Apple's iPhone 4 faced its second non-recommendation from Consumer Reports, which claims Apple's new antenna-bumper policy is less than consumer-friendly.
Apple may have tried to close the case on its iPhone 4 antenna issues, but
Consumer Reports seems to have other
ideas.
Within days of the iPhone 4's blockbuster launch this summer, some owners
began complaining about a dampened signal whenever their bare skin touched the
smartphone's exterior antenna rim. On the strength of those complaints,
and
its own internal testing,
Consumer
Reports refused to endorse the device.
"When your finger or hand touches a spot on the phone's lower left
side-an easy thing, especially for lefties-the signal can degrade enough to
cause you to lose your connection altogether if you're in an area with a weak
signal,"
Consumer Reports' Mike Gikas blogged July 12.
"Due to this problem, we can't recommend the iPhone 4."
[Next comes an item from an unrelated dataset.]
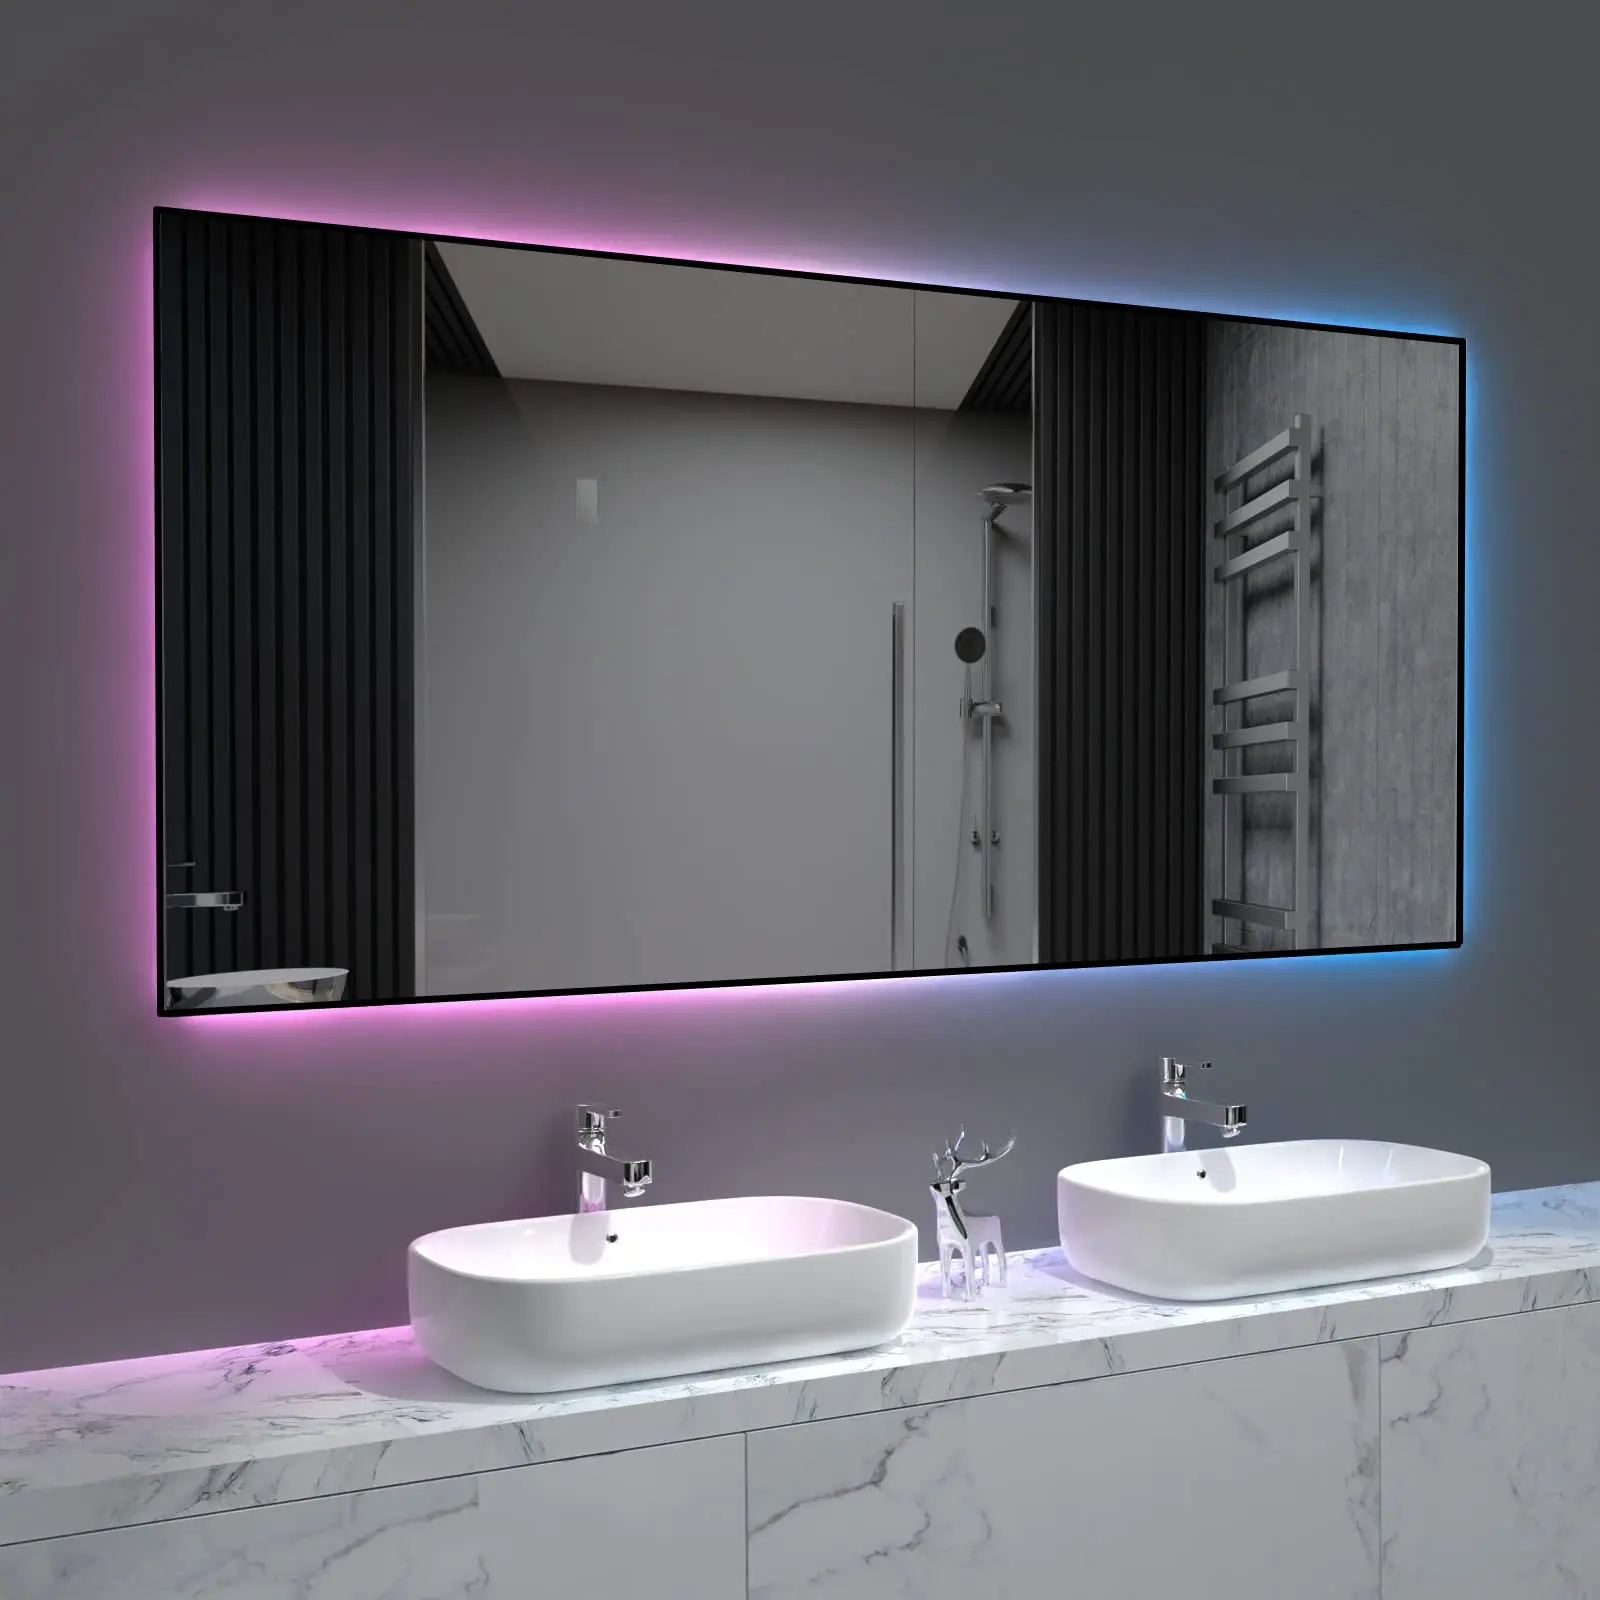  Современные китайские зеркала для ванной комнаты Анти-туман Светодиодное декоративное настенное зеркало Безрамные зеркала для ванной комнаты Производители

Two weeks later, Apple launched a free bumper giveaway to anyone purchasing
an iPhone 4 before October 2010. The bumpers cover the antenna rim, supposedly
correcting the issue. By Sept. 10, the company posted a note on its Web site
declaring the whole controversy at an end: "We are discontinuing the free
case program on all iPhone 4's sold after Sept. 30, 2010.... Users experiencing antenna
issues should call AppleCare to request a free bumper case."
But in a Sept. 13 blog posting,
Consumer
Reports-considered a trusted source for product advice-declared Apple's
policy "less [than] consumer-friendly in several respects." In particular,
the publication cited the need for consumers to call AppleCare as a
non-solution.
"Putting the onus on any owners of a product to obtain a remedy to a
design flaw is not acceptable to us," the publication
wrote
in the blog posting. "We therefore continue not to recommend the
iPhone 4, and to call on Apple to provide a permanent fix for the phone's
reception issues."
Consumer Reports' initial
non-recommendation, in July, seemed to have little effect on the iPhone 4's
overall sales. "My phone is ringing off the hook [from] people that want
more supply," Apple chief operating officer Tim Cook said during a July 20
earnings call, in response to an analyst's question about whether the antenna
issues were affecting the phone's marketplace prospects. "Right now, it is
hard to address the real question you're asking about-'Is there an effect or
not?'-because we're selling everything we can make. You can't run an experiment
that way."
Apple executives previously announced that the company would pay out roughly
$175 million in free rubber bumpers.